Ekphrasis of a Face on a Tree This palette of oak grows with a marbling of pale green lichen to frame its pain. Sculpted on a trunk, two swirling burls, a bulging body and a face with the tough skin of bark. A dappling of color to offset despair. And what of the ivy that twines towards this sight? An Almighty mind- shift against survival of the fittest? The unseen hand scrapes beauty from wounds, injury as medium, near-death the instrument of the master. The features poised uppermost on the tree express wonder broken-free of the soil at her feet, eyes half-closed in reverie, mouth open in an “O”— Oh, I’ve known this sort of wonder, metal staples holding together the skin of life, this scar I wear on my torso. *Published in SWWIM Every Day: https://www.swwim.org/blog/2022/2/9/ekphrasis-of-a-face-on-a-tree
One of my biggest challenges as a poet is staying in the present moment and really seeing (sensing) what is right in front of me. Sometimes, I fall into this misguided notion that a particular subject must inspire me before I start writing. Of course, this way of thinking only stifles creativity. The sensory imagery around us shows us what’s inside. The poet Mark Doty wrote in The Art of Description that “every achieved poem inscribes a perceptual signature on the world…[The] work of seeing offers, ultimately, a precise portrayal of the one who’s doing the looking.” In other words, our unconscious minds reveal themselves in our descriptions of the present moment. There are no secrets. The images we choose and the way we convey these images betray us.

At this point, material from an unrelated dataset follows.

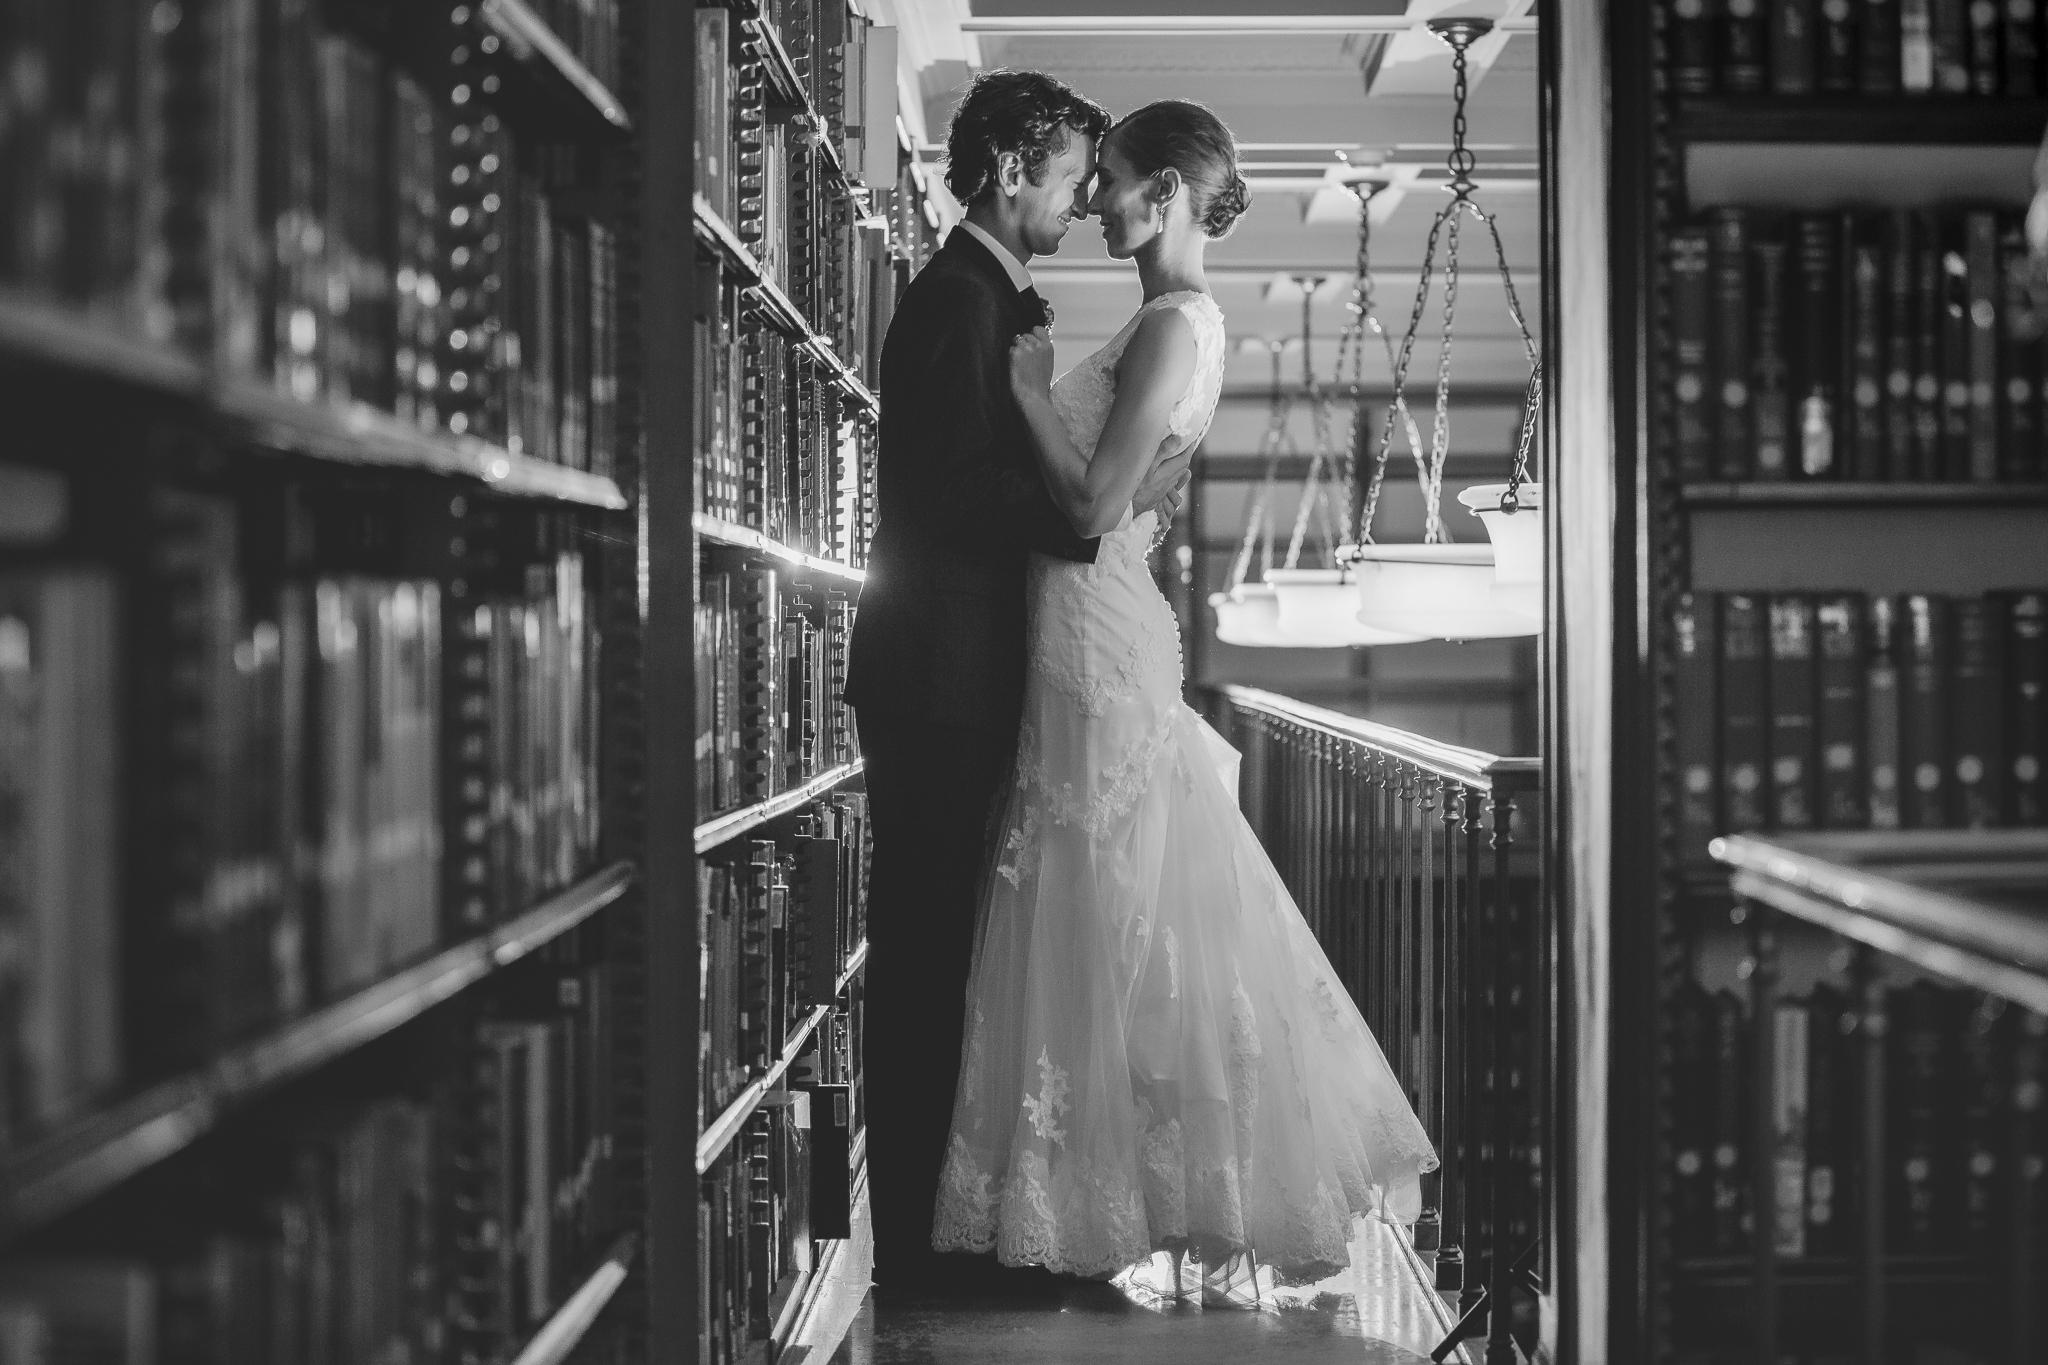 james j hill library wedding photography-25.jpg

Most of you already know that Ekphrasis means “description” in Greek. On the Poetry Foundation website, the definition of an ekphrastic poem is “a vivid description of a scene or, more commonly, a work of art.” Ekphrasis can stay in the realm of imaginative description —a re-creation in words, if you will—or expand into a more personal musing, its meaning amplified through the artist’s senses. When I’m feeling stuck, creatively, there’s nothing more freeing than a trip to the art museum. When I sit before a sculpture or a painting, the focus is on the piece, not (blessedly) on “what am I going to write about today?” The subject is before me. I’m released from myself.
Or so I believe. The experience of the images comes from the inside. But, the illusion that I’m writing about something outside of myself is what gives me freedom of expression. In essence, I’ve tricked myself into believing that this writing isn’t about me. As seen in the poem above, a natural scene can present as art. In a “stuck” moment, I wrote about a tree. What burls—nature’s way of healing tree trunk wounds—represented appeared in the poem. My unconscious mind drew a parallel between the scar on my torso (my trunk) and the tree’s burls. I noted this evidence of healing. The way we incorporate our scars into a new self-image, but, even more, how they become a different kind of beauty. The expression I saw on the tree’s face seemed to express wonder. But, by now, you know that it’s my wonder I witnessed. My own surprise that I have thus far survived grievous injury and have stayed alive long enough to see the beauty in my scars. Or, at least, write about them.
Ekphrasis allowed me to experience a moment of recognition—and also transcendence. Ekphrasis can also be a lesson in trusting the creative process.